Google Desktop Proxy


Providing access to the Google Desktop search service from remote machines

23 Oct 2004
Last updated: Kent Fitch, 01 Jan 2005 - version 0.2
incorporating Pavel Ševčík's encoding change
Since this tool was created, Google Desktop has changed a great deal and the approach taken here nolonger works. This means that this code will not work asis with the current version of Google Desktop.

Background and motivation

The Google Desktop allows you to search the contents of your hard drive, email and browser history contents.

The search interface runs in your browser. The Google Desktop software provides a web server which binds to your PC's TCP/IP loopback interface and can only be accessed by requests originating from your PC.

Hence, other machines can't send search requests to your Google Desktop search engine.

This is generally a good thing from a privacy point of view: do you really want random people looking at not just the contents of files on your PC but at emails and at web pages you've retrieved and even deleted from your browser cache?

Well, maybe. Maybe you like to share everything. If so, read on.

If Google Desktop were accessible from places other than the machine on which it was installed, some interesting possibilities would arise:

The Java program described here allows others to search your Google Desktop.

It contains some very simple restrictions which may allow you to make it harder for some people to search and retrieve content from your PC:

  1. Requests to configure Google Desktop preferences or delete content from the Google Desktop index are blocked unless they originate from the local machine
  2. By default (as installed) access is only granted to the local machine. However, a parameter file can be supplied which defines which IP addresses or IP address prefixes are allowed access. Be aware, however, that it is optimistic in the extreme to have confidence in associating IP addresses with people or organisations, and that for example, a compromised machine within a trusted IP range can easily broaden access to "the world".
  3. A log file can be specified in the parameter file (but be aware that if the parameter file is stored on the PC, it too will be indexed and retrievable via the proxy, as will the proxy parameter file...). The log records date/time, remote IP address and the start of the request so you can see which horses have bolted in vaguely which direction.
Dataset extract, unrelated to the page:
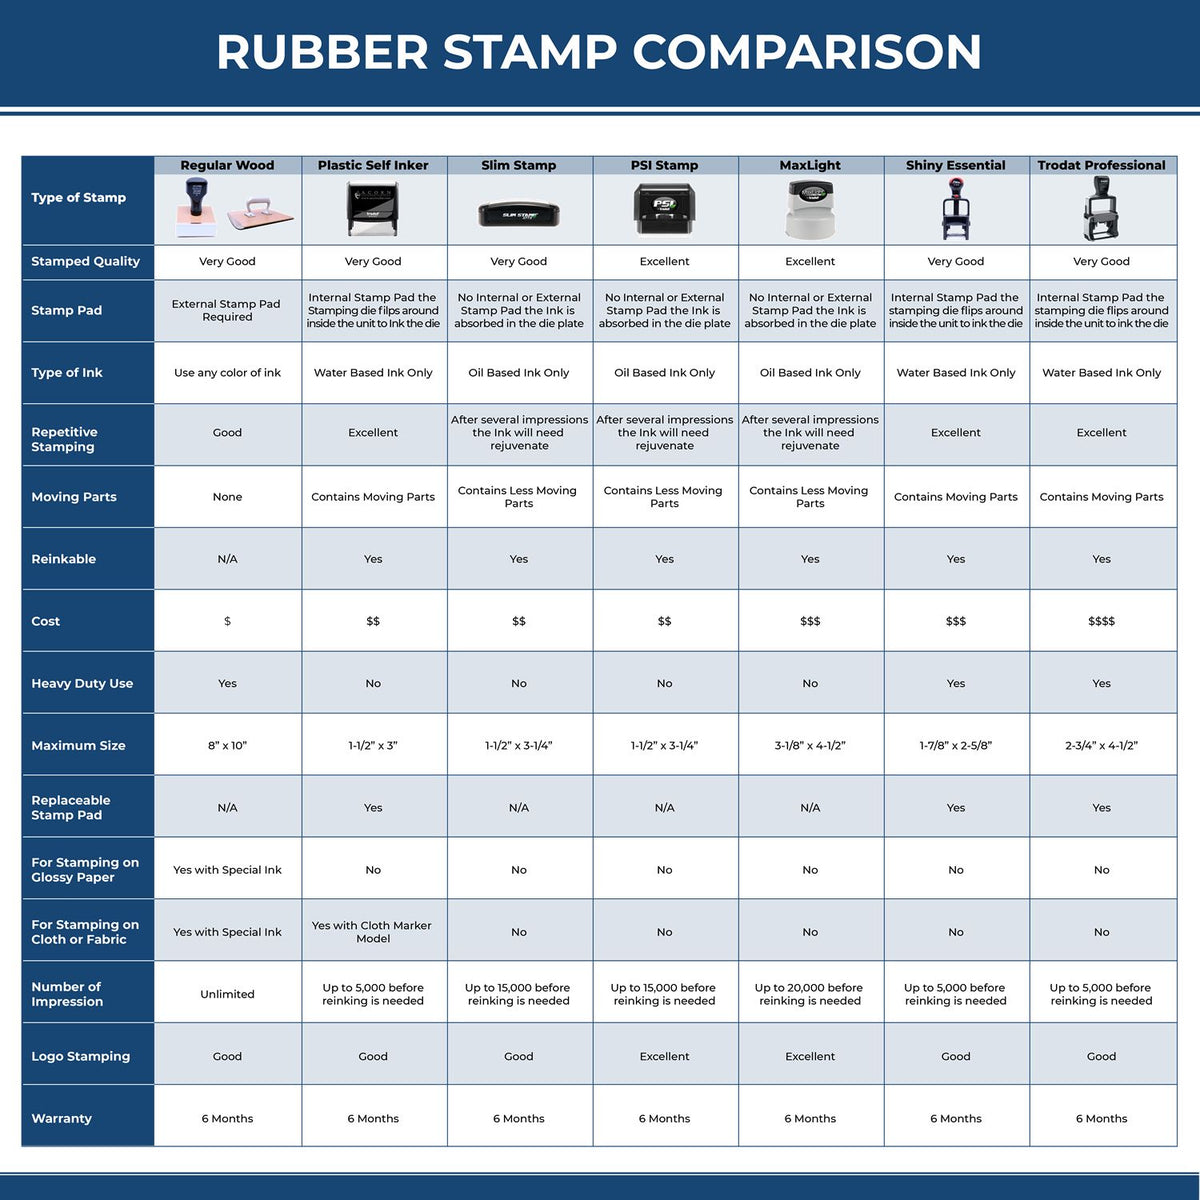 A comparison chart for the different types of mount models available for the Premium MaxLight Pre-Inked South Carolina Landscape Architectural Stamp.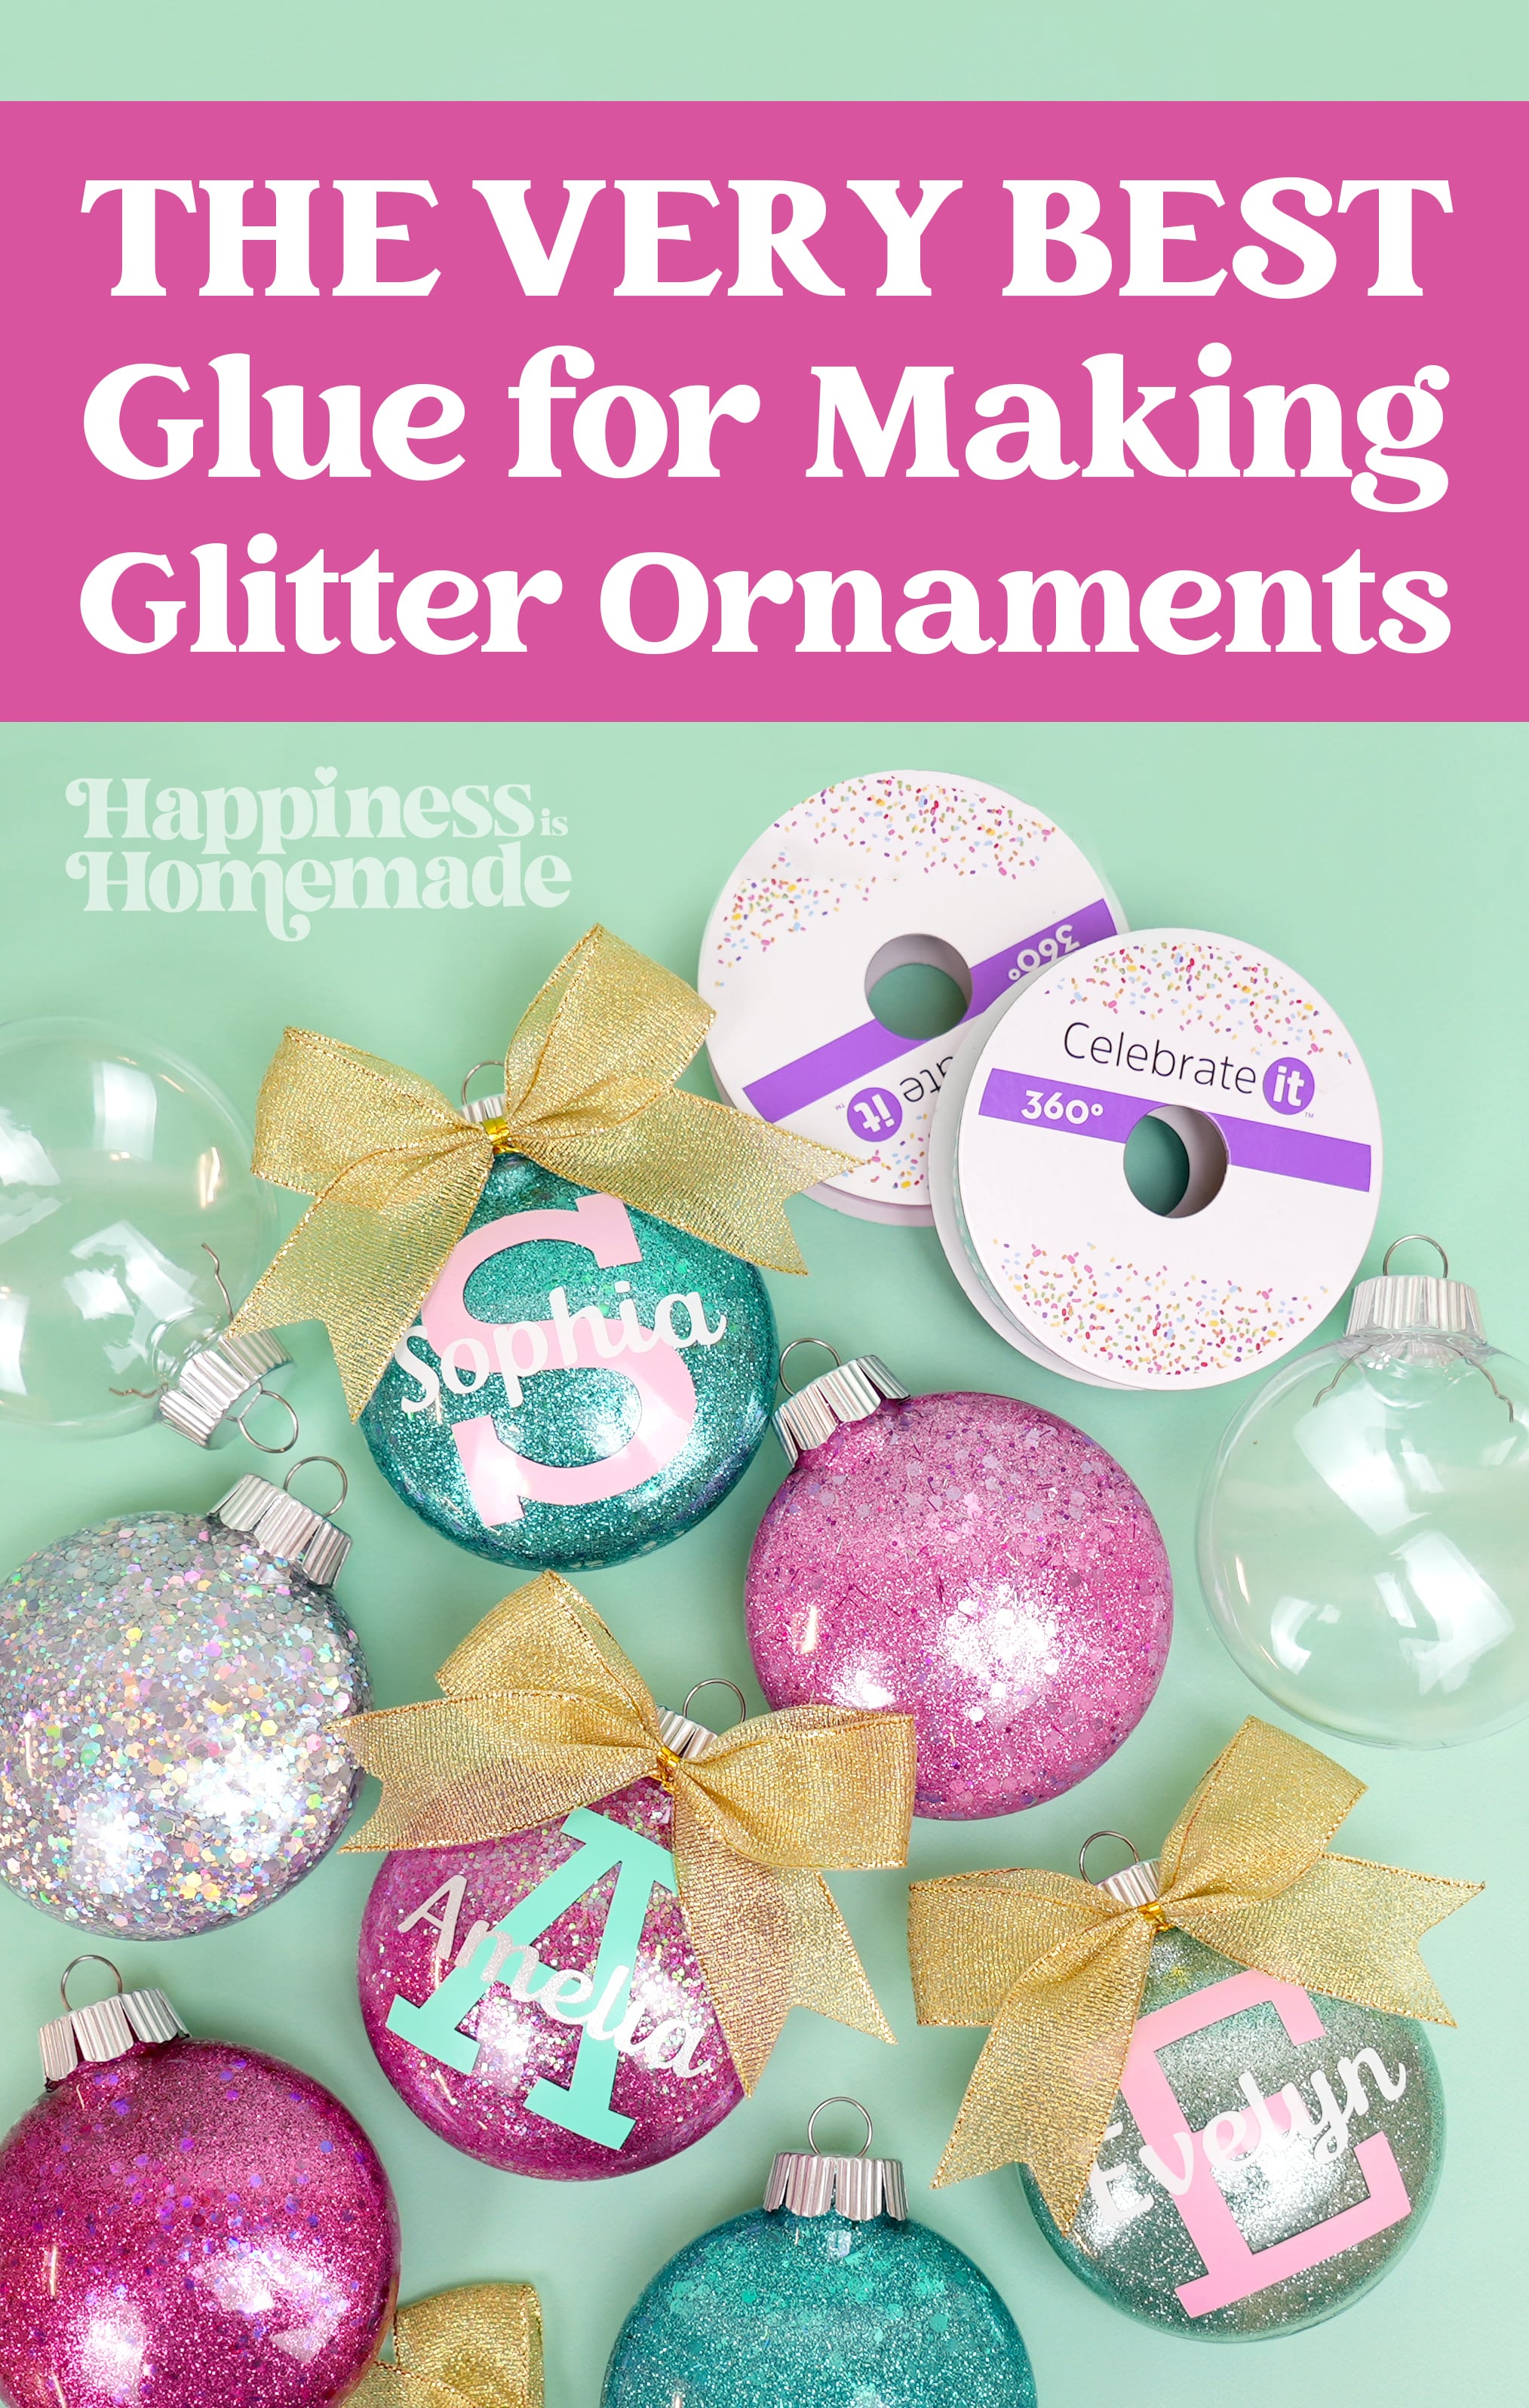 Christmas Ornaments for DiY Craft Kits Graphic by

[Since this simple program was released, a more full-functioned/easier to configure alternative has appeared - see http://dnka.com/. I haven't tried it, but it looks impressive.]

How it works

This program is a very simple proxy. A browser or other program on another computer can open a connection to this program which passes the request through to the Google Desktop web server on the same machine as the proxy. Because it is on the same machine, the Google Desktop web server processes the request and passes the result back to the proxy which in turn sends it back to the originating requestor.

The Google Desktop server sends back 6 types of results (maybe more?):

  1. Status, home page: these are passed straight back, rewriting the Google Desktop web server's network address of 127.0.0.1:4884 URL's to the address of the proxy
  2. Search result listings: ditto.
  3. Data retrieved from the Google Desktop Cache: ditto
  4. Data (files) retrieved from the local system disk: Google Desktop opens a window containing the file. This is not appropriate when the request comes in remotely, so instead the proxy reads the file from the disk and sends it to the requestor, hopefully with the right MIME type (determined by file extension). Any URLs in the contents aren't rewritten so unless they are absolute references or the retrieving machines sharse the same address space as the source machine (eg, drive mappings) links will be broken.
  5. Redirects to "live" web servers. The proxy sends the redirect back to the requestor without contacting Google Desktop (because I think that sometimes at least Google Desktop tries to open a new browser window on the local machine).
  6. Preferences and remove-from-proxy functions: these disallowed except from the loopback address.

Parameters

On startup the proxy will attempt to read parameters from a file called proxyParms.txt in the current directory. The name of this file may be changed with a command line parameter to the proxy.

The parameters allow specification of:

If you want anyone to be able to access the proxy, specify:

allowIPAddresses=*

If you want requests from any machines in the 192.168.1 subnet to access the proxy, specify:

allowIPAddresses=192.168.1.*

If you want requests from any machines in the 192.168.1 subnet or from the adress 202.173.90.123 to access the proxy, specify:

allowIPAddresses=192.168.1.*,202.173.90.123

The loopback address 127.0.0.1 can always access the proxy and doesn't need to be specified.

If you let any machines access the proxy then eventually search engines such as Google will find and index it...

Think carefully before allowing any access - as mentioned above, once any external access is allowed it is impossible to guarantee wider access is not leaked - it is like sharing a secret.

Problems, things to fix

  1. Unicode support - bytes and strings are interchanged irresponsibly (Pavel Ševčík has supplied a fix (version 0.2 of the code) which starts to address this problem)
  2. I don't have much confidence that the restrictions on access to the index deletion and preference are robust - I suspect some unicode or character escaping mechanism may defeat the restriction on access from the loopback address
  3. Only perform URL rewriting on HTML responses
  4. URL rewriting could change the content length of the response (eg, if the proxy is listening on port 999 or 11111) - check that there is no content-length header in the response, or store and forward the response recomputing a new content length
  5. Improve the URL rewrite scanner - especially fix end of block processing (easy)
  6. After changing the parameter file you have to restart the proxy.

Enhancements

Installation

Please be aware that a tool like this combined with the search precision of Google Desktop makes it very easy for the contents of your PC and your browsing history,emails and chat to be seen by systems and eventually persons unknown.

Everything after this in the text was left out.